5 Expert Secrets for Publishing Great Books

5 expert secrets for publishing great books

5 Expert Secrets for Publishing Great Books

Having helped authors sell over 7 million copies, David Chilton knows what makes a book great. That’s why he created the Chilton Method – an in-depth video masterclass that teaches you everything you need to know about creating, marketing, and publishing a book that readers will love.

We’ve cherry-picked five of the most impactful learnings that writers and authors need to know, gathered from David’s 30+ years in the book business. Enjoy!

The most important element of any book’s cover isn’t what you think

Picture your favourite book cover in your mind. What do you love most about it? Why does it work?

There’s a strong chance you’re imagining that cover because the book’s got a great title (and, if applicable, subtitle). Your book’s title is the foundation upon which everything else - colours, font, layout, imagery - is based. Needless to say, if your title’s not strong enough, your cover’s already having to fight an uphill battle to grab readers’ attention.

So, what makes a great title and subtitle? Here are some tips: keep it short, make it brandable, and don’t forget that your title and subtitle are business partners. They should work together. Oh, and be sure to test a few title options with your target readers, too.

The hidden powers of an effective book cover

Forget page 1: your cover is both your book's packaging and its true introduction. If executed properly, a good cover is like a magic key that can open doors previously closed to you. And to properly execute your cover, you need to sweat every single detail and test it with those who will actually buy your book. (And if you’re unsure of where to start, enlisting the help of a professional is an excellent step in the right direction.)

Here are the hallmarks of a great cover:

  1. Your book stands out in people’s minds wherever it’s seen – not just online or in a bookstore, but other contexts like being read in a coffee shop or featured in a photo on Instagram.

  2. It makes people want to buy the book.

  3. Biases the reader to be more likely to enjoy the book.

  4. It makes media more likely to cover your book.

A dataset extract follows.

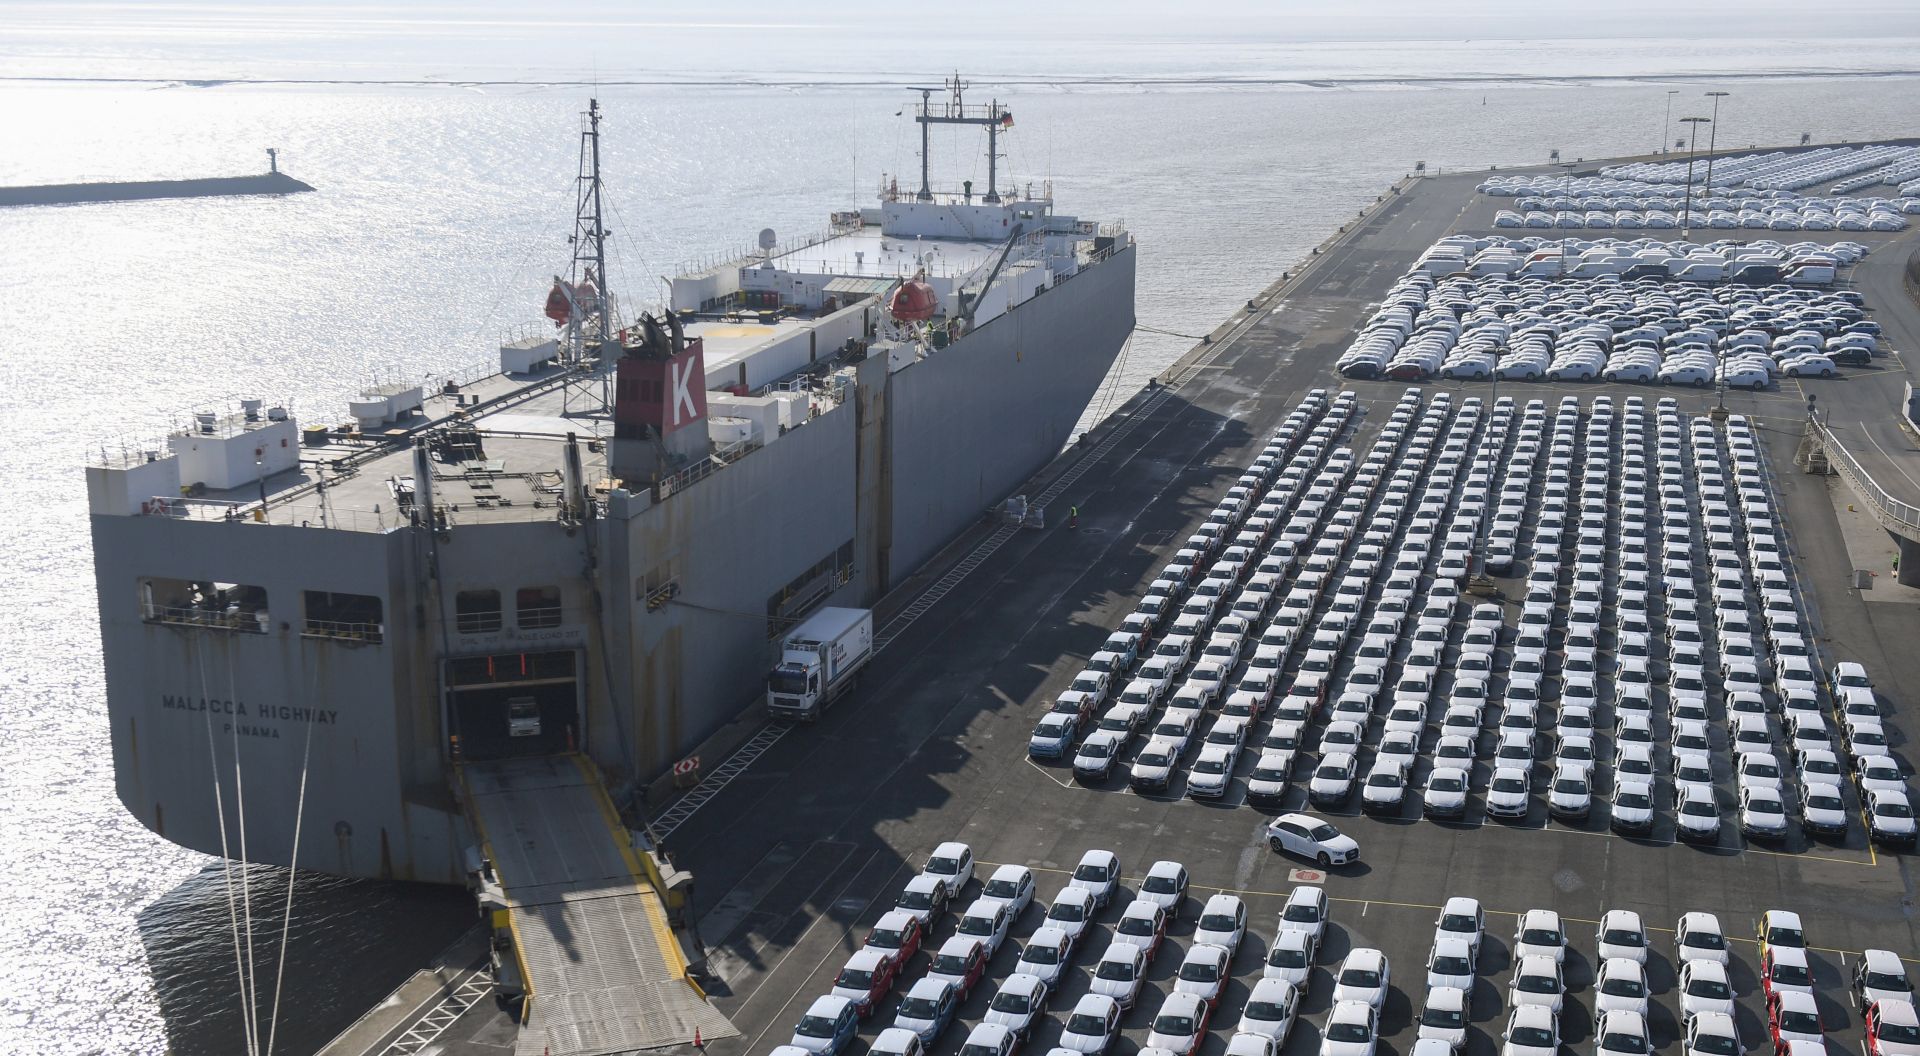 epa07772470 (FILE) - Volkswagen cars for export wait for shipping at the port in Emden, Germany, 09 March 2018 (reissued 14 August 2019). Germany's Federal Statistical Office (Statistisches Bundesamt) announced on 14 August 2019 that the country's gross domestic product (GDP) grew by 0.4 percent in the first quarter of 2019, shrinking by 0.1 percent compared to the previous quarter. Official data showed a decline in exports, amid concerns of a global slowdown.  EPA/DAVID HECKER *** Local Caption *** 54854697

  5. It also encourages people to give you an endorsement. Who wouldn’t want their name printed on a book that looks great?

Forego the foreword

According to Dave, only between 10-15% of forewords are received positively by readers.

Why, you ask? Consider that most forewords are written by people who are too busy or aren't passionate about the book. They’re also an editor’s nightmare, because they’re not written in the tone of the book.

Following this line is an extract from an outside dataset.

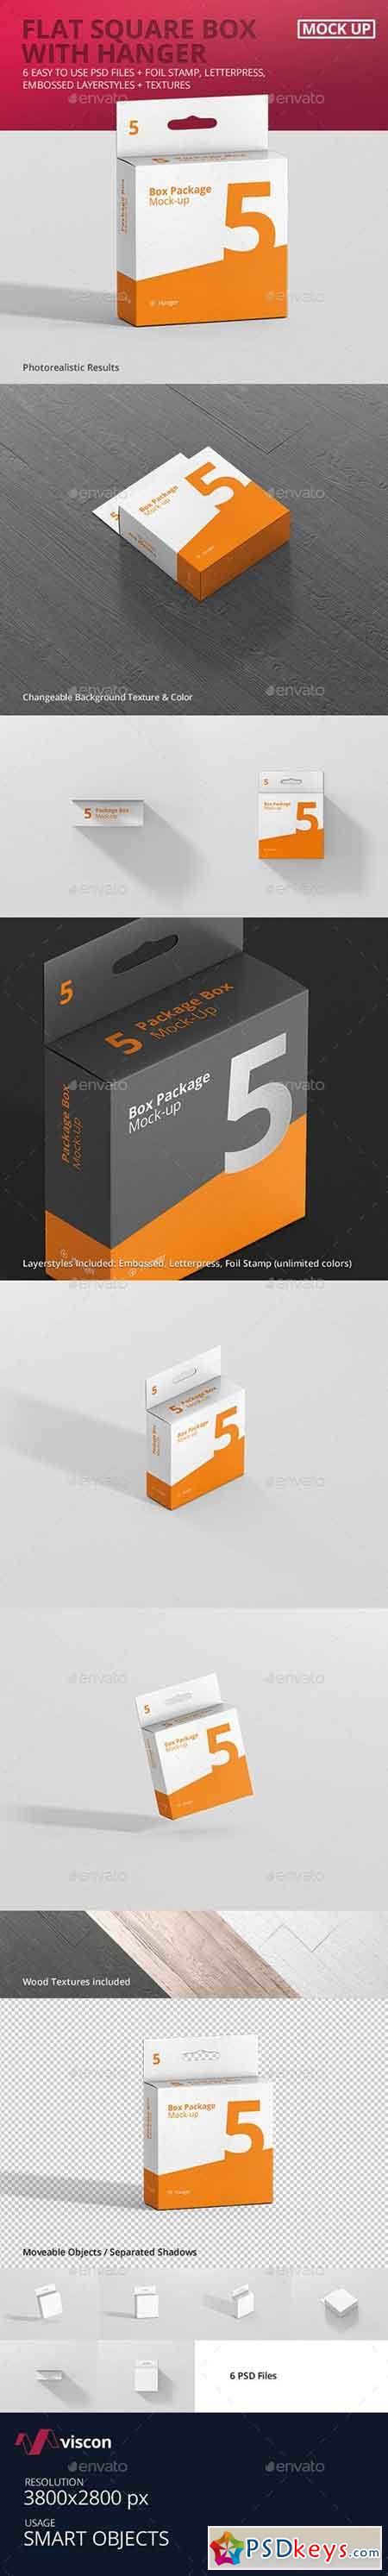 Package Box Mock-Up - Flat Square with Hanger 18069484

Perhaps most importantly, beginning your book with a foreword starts it off in a voice other than your own – the author. Your readers want to hear from you, not someone else. So, while there are always exceptions, you’re likely better off if you seek to gather short endorsements for your book (more on that in a moment), and foregoing the foreword.

The best back cover copy you could ask for

Why do people buy books off the shelf? Dave’s field research shows that testimonials and great back cover copy are book buyers’ #1 and #2 most cited.

It should come as no surprise, then, that the best back cover copy format for a nonfiction book is a series of outstanding endorsements from credible sources. That’s correct: only endorsement quotes. Dave has found that this format is the most effective at turning a browser into a buyer, and traditional publishers he’s worked with are in agreement.

There’s only one rule in writing and publishing...

And it’s don’t bore the reader.

There’s a transaction at play between author and reader: your reader is giving you both money and their time, and in return you provide them with knowledge and/or entertainment. You need to capture your reader’s attention and keep them away from 1,000 other distractions in their life.

So, whether you’re debating your next word or where to place your Acknowledgements section (spoiler alert: at the back), repeat the mantra of don’t bore the reader. If you endeavour to think of your reader first in every decision you make in writing and publishing, you’re on the path to a great book.